Biorefining Magazine: High Risk, High Reward

The U.S. DOE’s Advance Research Projects Agency-Energy targets the “white space” of existing energy research.

By Erin Voegele | September 2011

A unique development program housed under the U.S. Department of Defense has achieved a rich history of game-changing technological innovation since its inception in the 1950s. That program, now known as the Defense Advanced Research Projects Agency, played a key role in the development of invaluable technologies, including the Internet, stealth technology and global positioning systems (GPS). The agency was specifically designed to be small, flexible, flat and autonomous. In other words, the agency was able to work around many of the bureaucratic barriers and red tape that can plague less nimble research agencies, allowing it to quickly shift gears to support and expedite the development of technologies that face steep risks but overwhelmingly high rewards, if proven successful.

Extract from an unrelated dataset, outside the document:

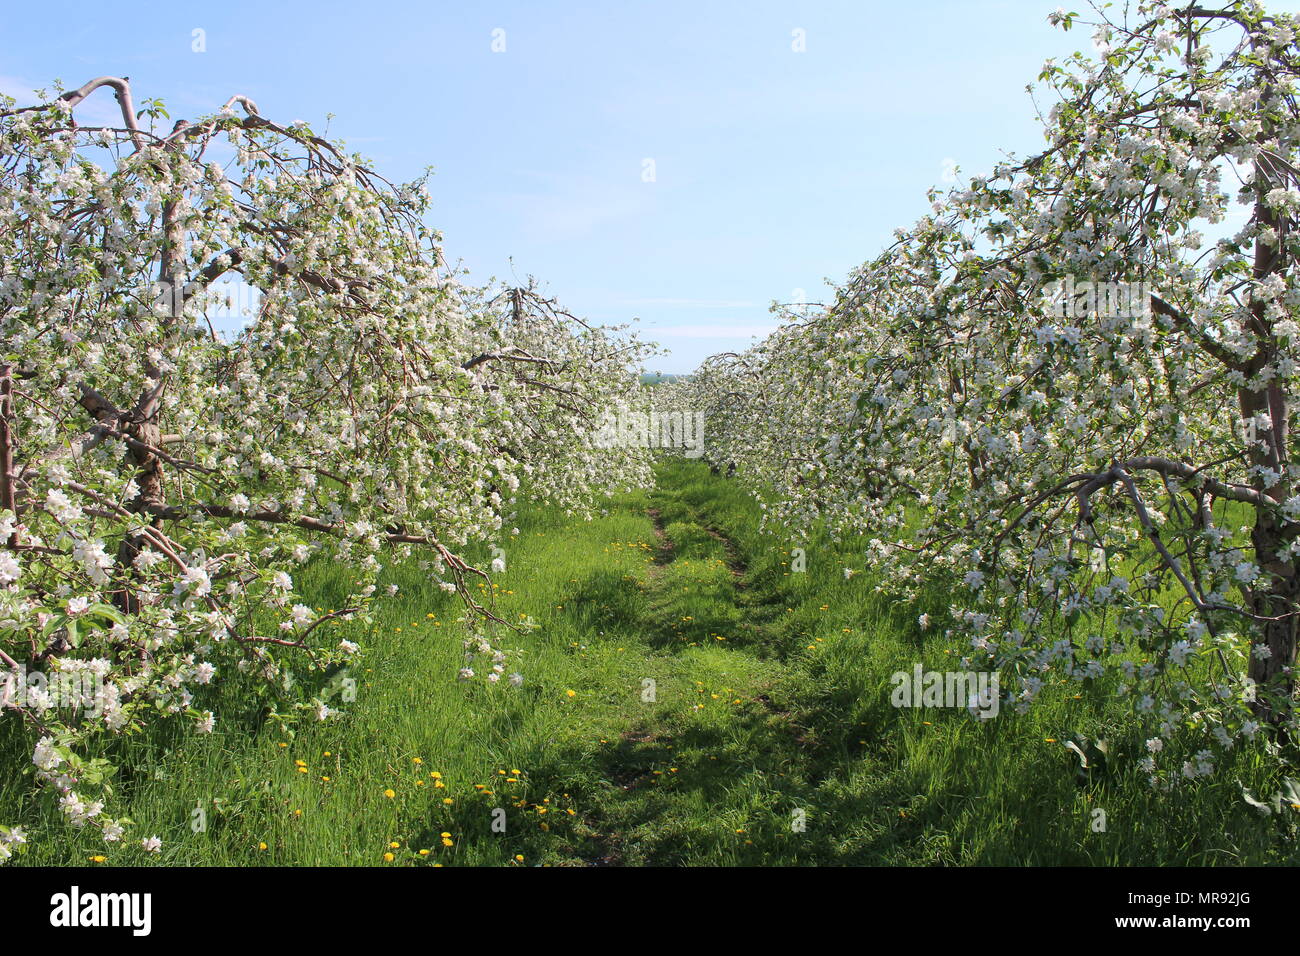 Apple trees in full bloom Stock Photo
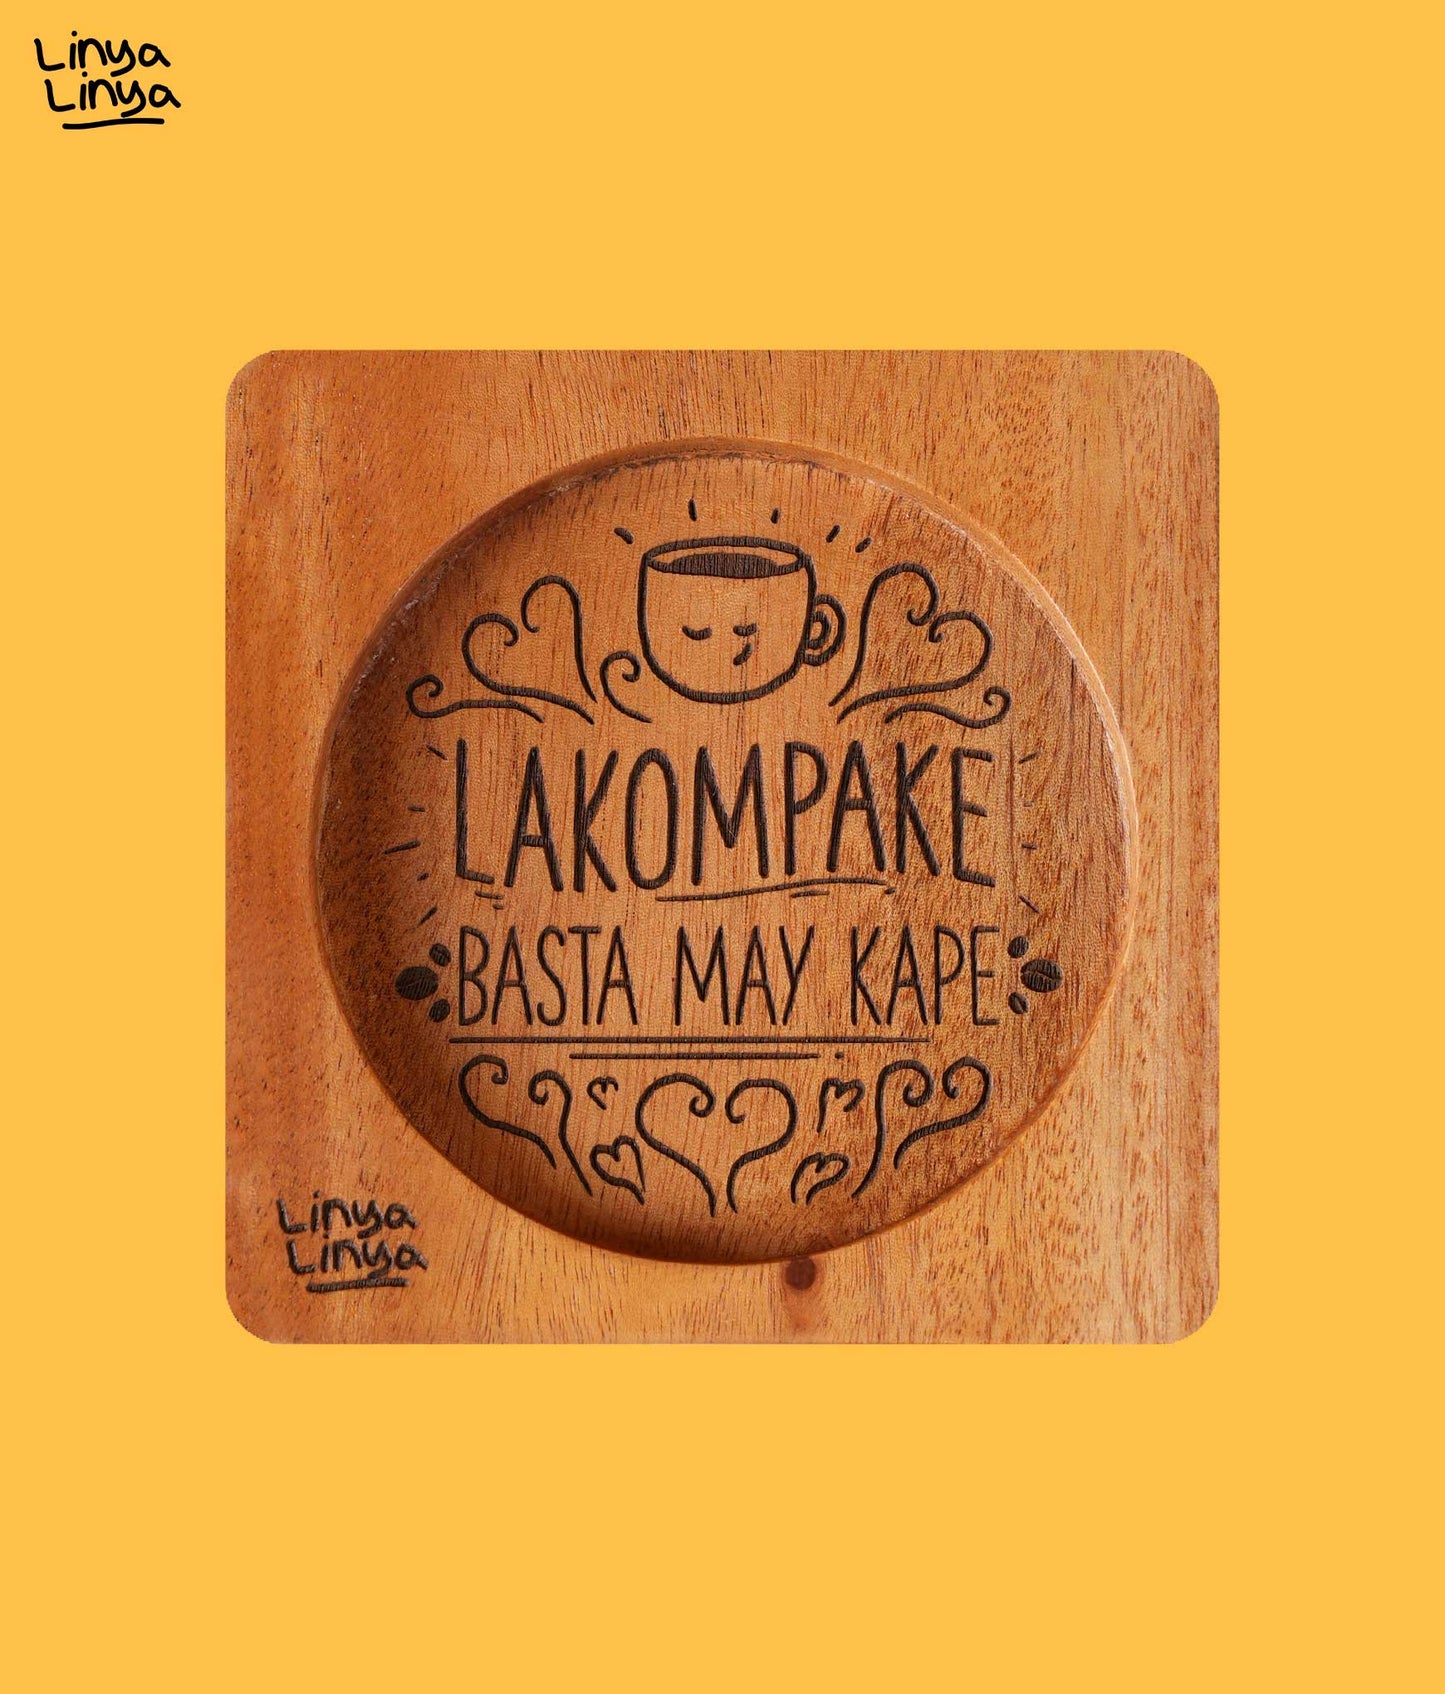 Coaster: Lakompake Basta May Kape.

In recent years, federal lawmakers, spurred by a 2006 National Academies report titled “Rising above the Gathering Storm,” recognized the U.S. had a clear and vital need to channel the same type of innovation into energy research. As a result, the America Creating Opportunities to Meaningfully Promote Excellence in Technology (America COMPETES) Act was signed into law in 2007, authorizing the U.S. DOE’s Advanced Research Projects Agency-Energy (ARPA-E). ARPA-E, modeled after the highly successful DARPA program, received $400 million in initial funding through the Recovery Act in 2009.

The agency is ultimately focused on high risk transformational energy research that could reap dramatic national benefits. “We try to identify area of particular need that is not currently being satisfied by other governmental or industry programs,” says Jonathan Burbaum, an ARPA-E program director who focuses on advanced biotechnology applications for biofuels and biochemicals. “We ask not ‘Will it work?’ but ‘Does it matter?’ In other words, if it does work, is it really going to make a difference in the energy landscape of the United States?”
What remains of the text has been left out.